Замолкла Творожиха, негодующее шипение ее разом оборвалось, будто регулятор в радиоле остановил стертую корундовую иглу: знала ушлая никольская жительница, с кем следует связываться, а с кем нет. И все же не удержалась с разгону и, сама уже того не желая, пробормотала напоследок:
– Крапивой бы по этим местам…
И тут же испуганно заерзала на лавке, кончики черного вечного платка затеребила в ожидании кары, но, на ее счастье, подъехал Колокольников, привез кружку пива.
– Ну ладно, – сказала Вера Творожихе, принимая кружку, – мы к этому вопросу еще вернемся.
Пиво было теплое, разбавленное, кисловатое, не принесло облегчения.
– Верочка, внученька. – взмолилась Творожиха, – оставь глоточек.
– На, держи, – протянула ей кружку Вера.
– Пей, бабка, – сказал Колокольников, – но учти: пиво – опиум для народа.
– Спасибо, Вась. – Вера достала кошелек. – Сколько я тебе должна? Двадцать четыре копейки, что ли?
– Убери, – обиделся Колокольников. – Ты меня за человека не считаешь, да?
– Васенька, я молчу.
– Вот ведь люди пошли, – вздохнул Колокольников, – все на копейки мерят. А можно ли любовь копейками оценить?
– Чтой-то любовь у тебя такая кислая да жидкая?
– Какая-никакая, – сказал Колокольников.
– И за нее спасибо.
– Вечером к нам придешь?
Вечером дома у Колокольникова, отец и мать которого гостили у родственников в Люберцах, собирались Верины знакомые отметить день рождения бывшего ее соученика по никольской школе Лешеньки Турчкова.
– Не знаю, – сказала Вера. – Подумаем. Нет, мы, наверное, не успеем с Ниной вернуться.
– И Нина не вернется? – озаботился Колокольников.
– Ее, что ль, сейчас ждешь? – улыбнулась Вера.
– Ну ладно, – быстро сказал Колокольников, – кружку-то мне надо отвезти.

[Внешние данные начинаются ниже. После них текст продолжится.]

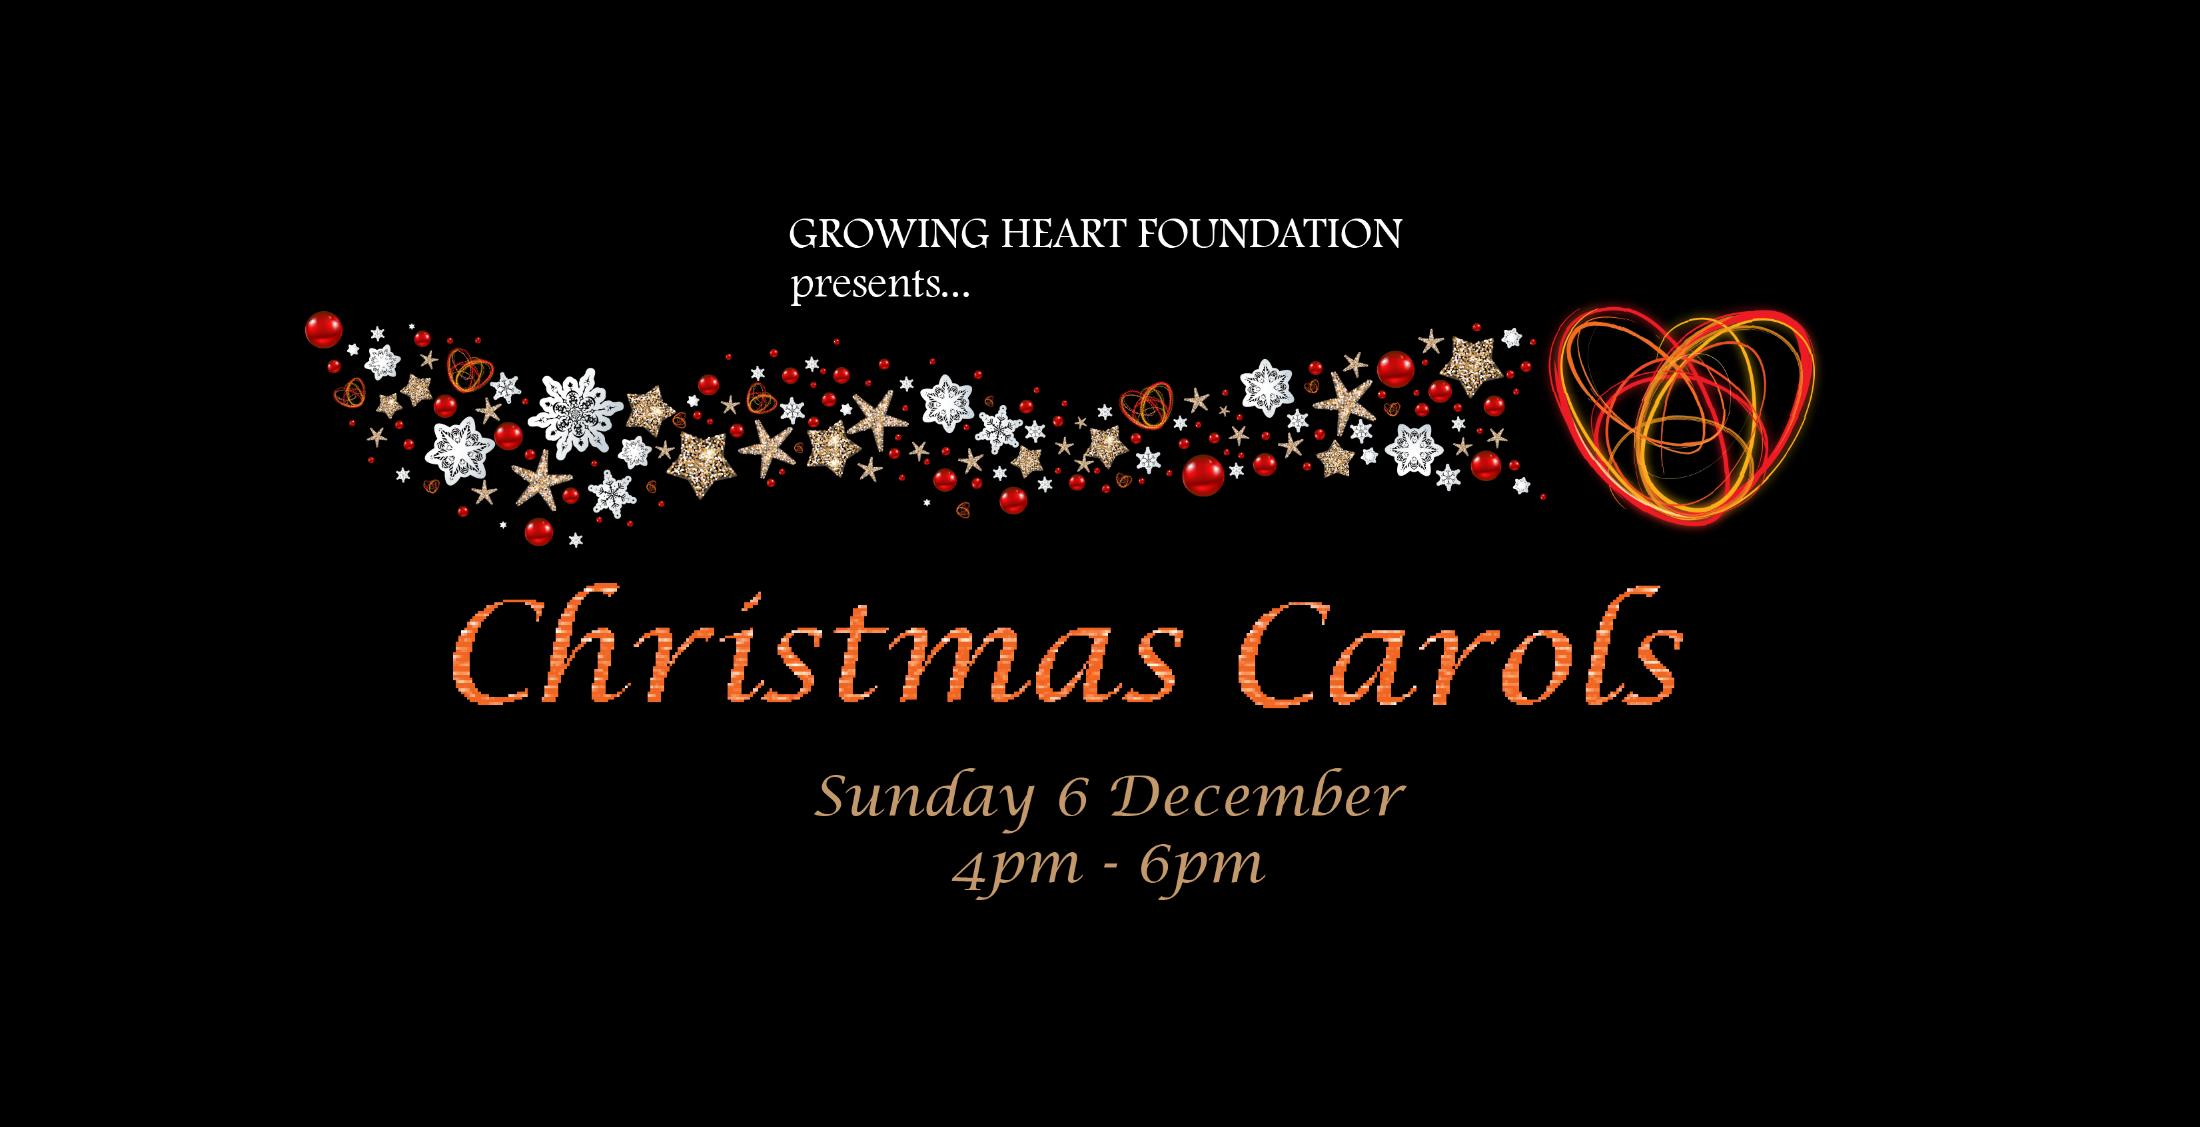 Christmas Carols Event

– А говоришь – любовь! – крикнула ему вдогонку Вера.
– Клянусь тебе – любовь! – подтвердил громко и торжественно Колокольников.
– Вася никогда не врет, – сказала Творожиха, – я его еще вот таким мальчиком помню…
– Помолчи. А когда электричка придет, садись в другой вагон. Поняла?
Творожиха, вздохнув, отодвинулась и драгоценный мешок притянула к себе.
– Слушай, Вер, приходите, а? – Колокольников стоял уже напротив, у вокзальной двери и просил Веру всерьез.
– Не успеем мы вернуться, Вась. Еще подарок надо искать, мороки-то…
– Вы без подарков! На кой черт ему подарки!
– Как же без подарков-то! – сказала Вера. – Нельзя.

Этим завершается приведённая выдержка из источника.